A second reading path for object internals:

Include/object.h
Include/cpython/object.h
Objects/object.c
Objects/typeobject.c
Objects/longobject.c
Objects/unicodeobject.c
Objects/listobject.c
Objects/dictobject.c

A third path for source-to-bytecode:

Grammar/
Parser/
Python/ast.c
Python/symtable.c
Python/compile.c
Objects/codeobject.c
Python/ceval.c

3.16 How to Find Code for a Python Feature

Start from the Python feature, then map it to a subsystem.

FeatureFirst files to inspect
list.appendObjects/listobject.c
dict[key]Objects/dictobject.c
x.yObjects/object.c, Objects/typeobject.c
class C:Objects/typeobject.c, Python/compile.c
try/exceptPython/compile.c, Python/ceval.c
import xLib/importlib/, Python/import.c
async defPython/compile.c, Objects/genobject.c
withPython/compile.c, Python/ceval.c
len(x)Python/bltinmodule.c, type slots
print(x)Python/bltinmodule.c, file I/O modules

Use tests to confirm behavior:

./python -m test test_dict
./python -m test test_descr
./python -m test test_importlib

3.17 Repository Layout as Architecture

The directory structure reflects CPython’s architecture.

Include/    exposes C interfaces
Objects/    defines runtime values
Python/     executes and manages programs
Parser/     understands syntax
Modules/    provides C-backed modules
Lib/        provides Python-level standard library
Lib/test/   protects behavior
Programs/   starts the executable
Tools/      maintains generated and developer workflows
Doc/        explains public behavior

This layout is not perfect.
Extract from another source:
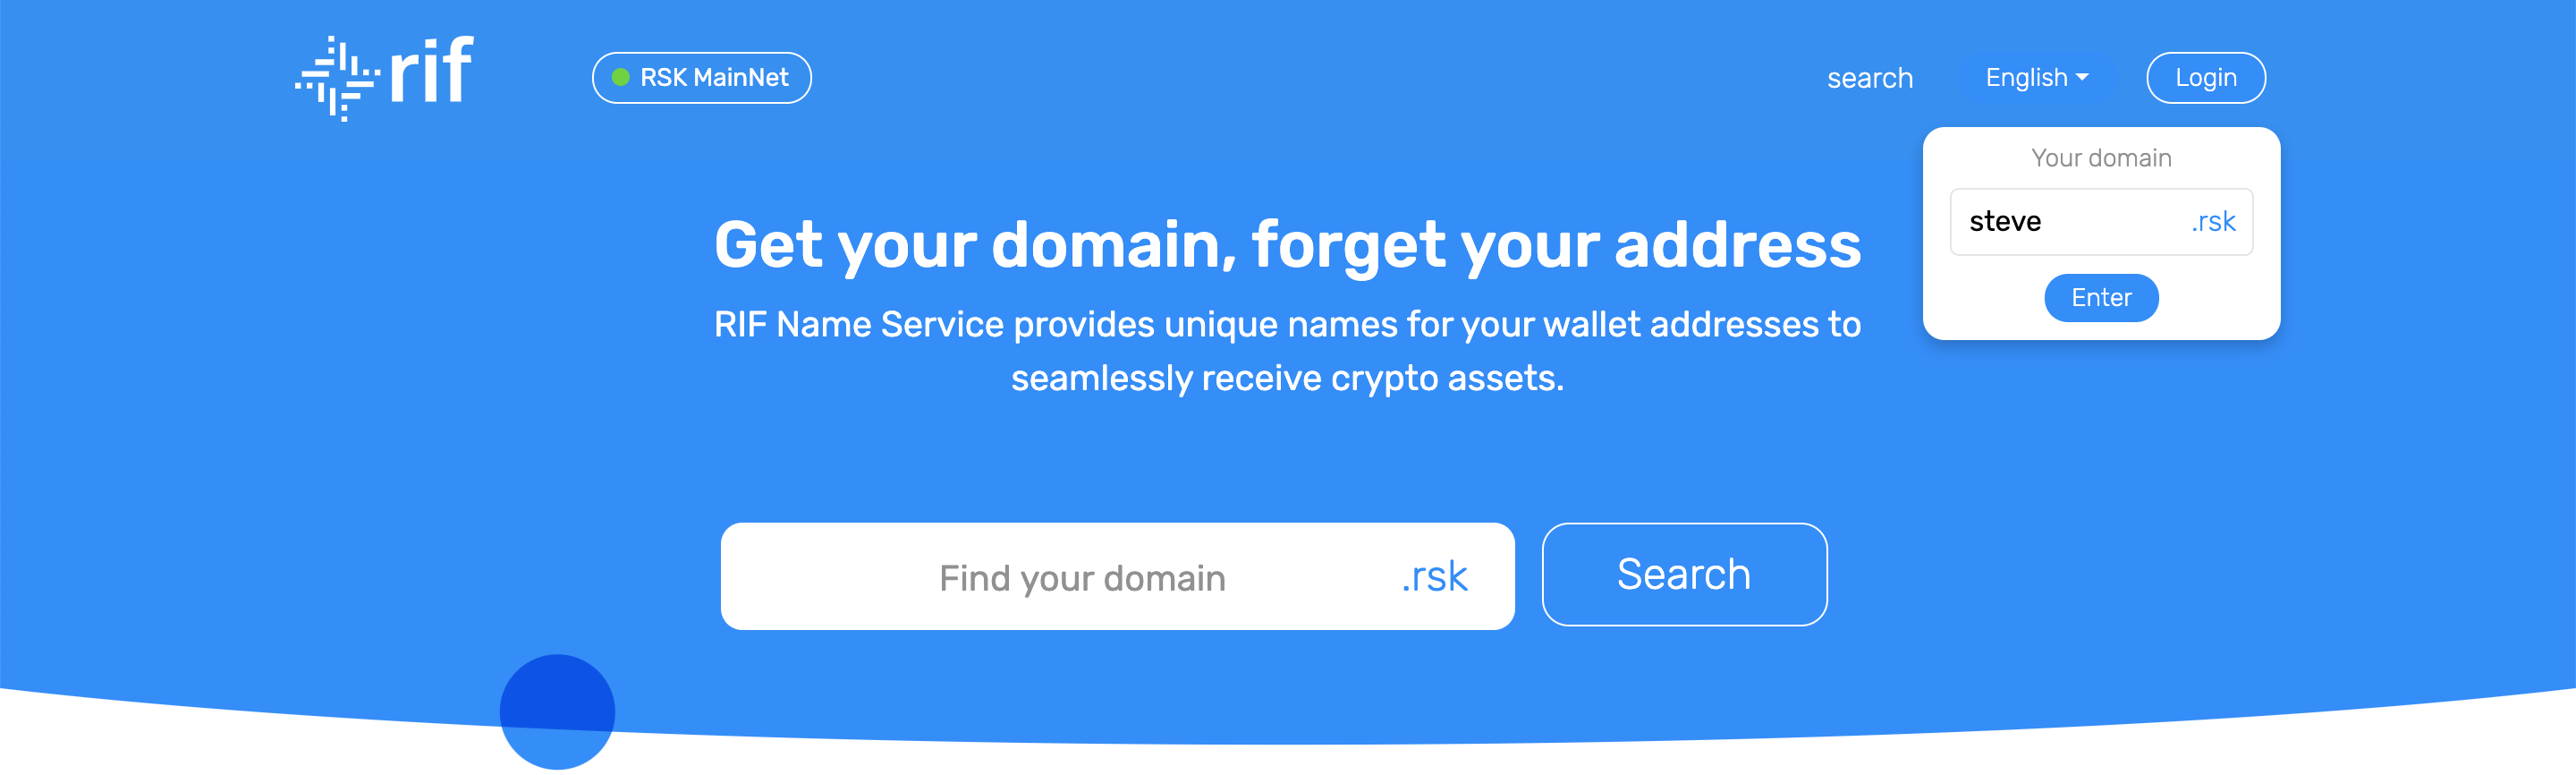 UserGuide - Click Enter Domain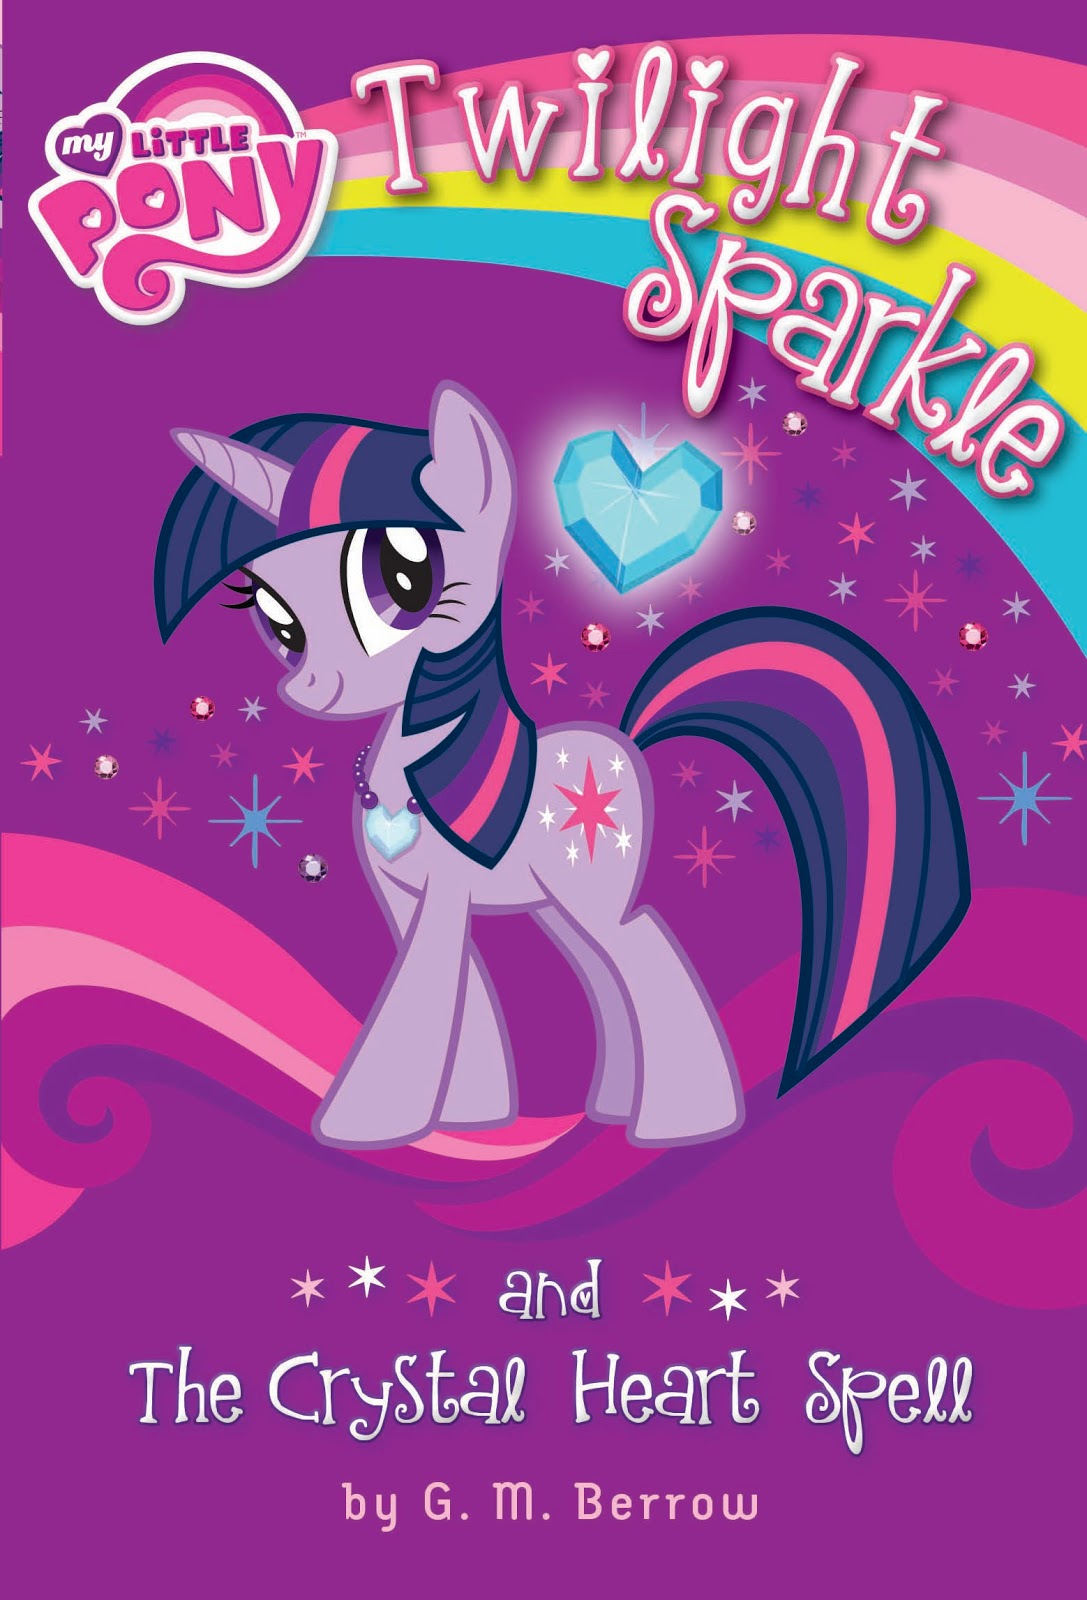 Книга pony. Твайлайт с книгой. My little Pony Twilight Sparkle в книге. Книжка пони. Книжка my little Pony.

Older code, platform constraints, backward compatibility, and generated files create exceptions. Still, the structure is coherent enough to guide source reading.

3.18 Chapter Summary

The CPython repository is a working system, not a collection of isolated files. Objects/ defines what Python values are. Python/ defines how programs compile and execute. Parser/ and Grammar/ define syntax handling. Modules/ and Lib/ provide the standard library. Include/ exposes C interfaces. Lib/test/ defines much of the regression safety net.

A productive reader moves between implementation, tests, and documentation. CPython internals become easier once each source file has a clear place in the runtime architecture.